HTML Dashboard Usage Examples
Getting Started with the Web Interface
1. Setup and Launch
# Start the FastAPI server
pixi run dev
# Open the HTML dashboard in your browser
xdg-open frontend/index.html
2. Similarity Search Examples
Tab: 🎯 Similarity Search
Try these natural language queries:
-
"Python developer with web experience"
- Finds: John Doe (Software Engineer), Alex Rodriguez (Lead Software Engineer)
- Shows semantic understanding of programming skills
-
"team leader with management experience"
- Finds: David Lee (Engineering Manager), Rachel Brown (Marketing Director)
- Identifies leadership roles across departments
-
"marketing professional with social media skills"
- Finds: Jane Smith (Marketing Manager), Emily Wilson (Marketing Assistant)
- Matches domain expertise and specific skills
3. Filter Search Examples
Tab: 🔍 Filter Search
Use precise criteria to filter employees:
-
Engineering Department + 5+ Years Experience:
- Department: "Engineering"
- Min Experience: 5
- Results: Senior engineers and architects
-
California Employees:
- Location: "San Francisco" or "Los Angeles"

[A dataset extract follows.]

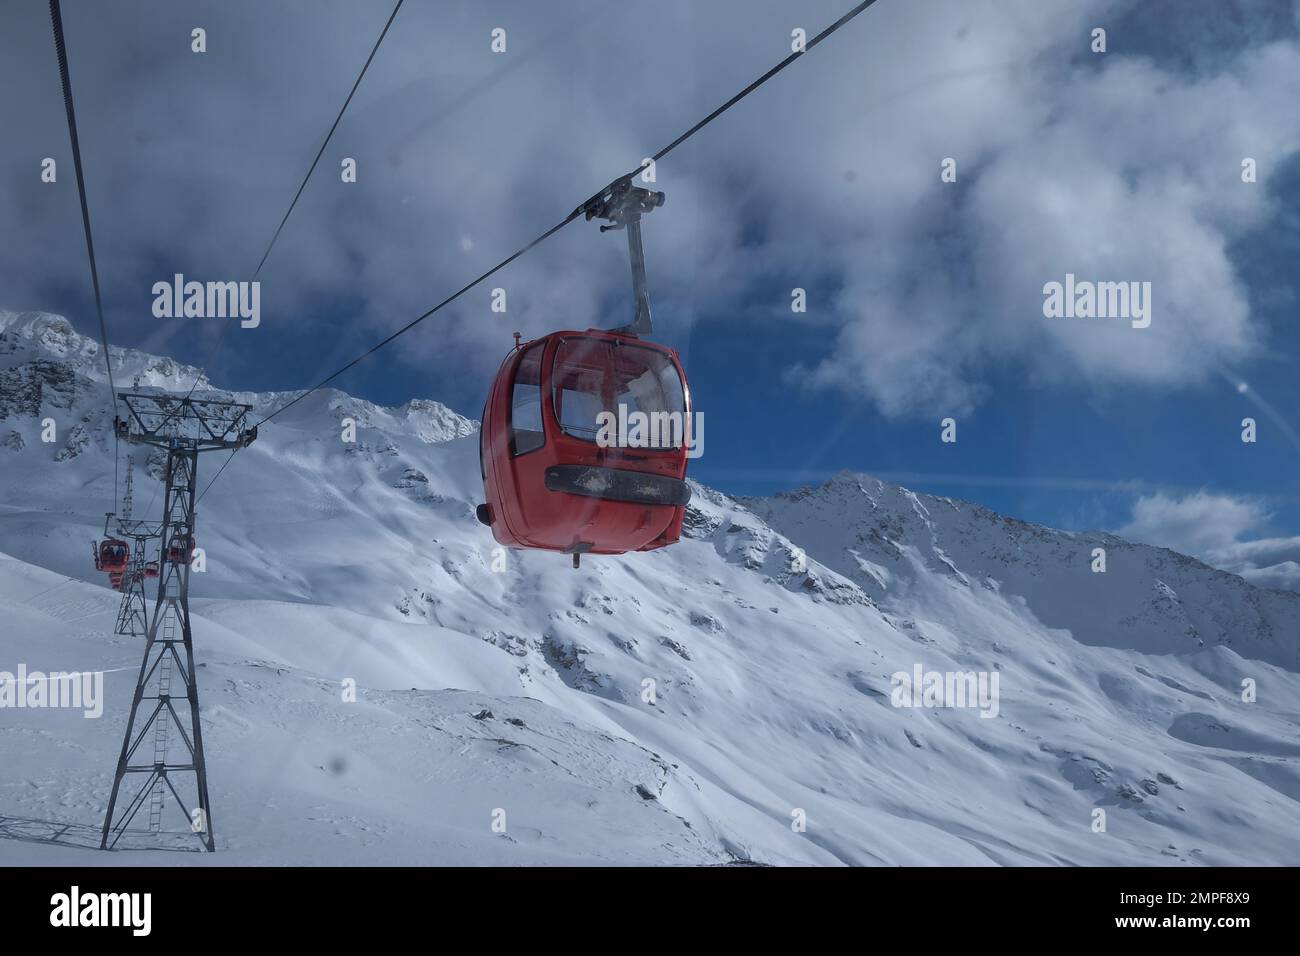 Michael Bunel / le Pictorium - Sci nelle Alpi - 3/1/2016 - Savoia / Francia / la plagne - illustrazione vacanze sci. la funivia / telesieg Foto Stock

- Shows geographic filtering
-
Part-time Employees:
- Employment Type: "Part-time"
- Filters by work arrangement
4. Advanced Search Examples
Tab: ⚡ Advanced Search
Combine semantic search with filters:
-
"senior developer" + Engineering + 8+ years:
- Query: "senior developer with architecture experience"
- Department: "Engineering"
- Min Experience: 8
- Finds: Michael Brown, Chris Evans, Alex Rodriguez
-
"marketing manager" + California:
- Query: "marketing manager with leadership skills"
- Location: "Los Angeles"
- Finds: Jane Smith and similar profiles
5. Understanding Results
Each result card shows:
- Employee name and role
- Match score (higher = better match)
- Department, experience, location
- Full description with skills and background
- Hover effects for better interaction
6. Pro Tips
- Use descriptive queries - "Python web developer" works better than just "Python"
- Combine filters wisely - Don't over-constrain your search
- Check similarity scores - Scores below 0.5 indicate very good matches
- Try different phrasings - "team lead" vs "manager" vs "supervisor"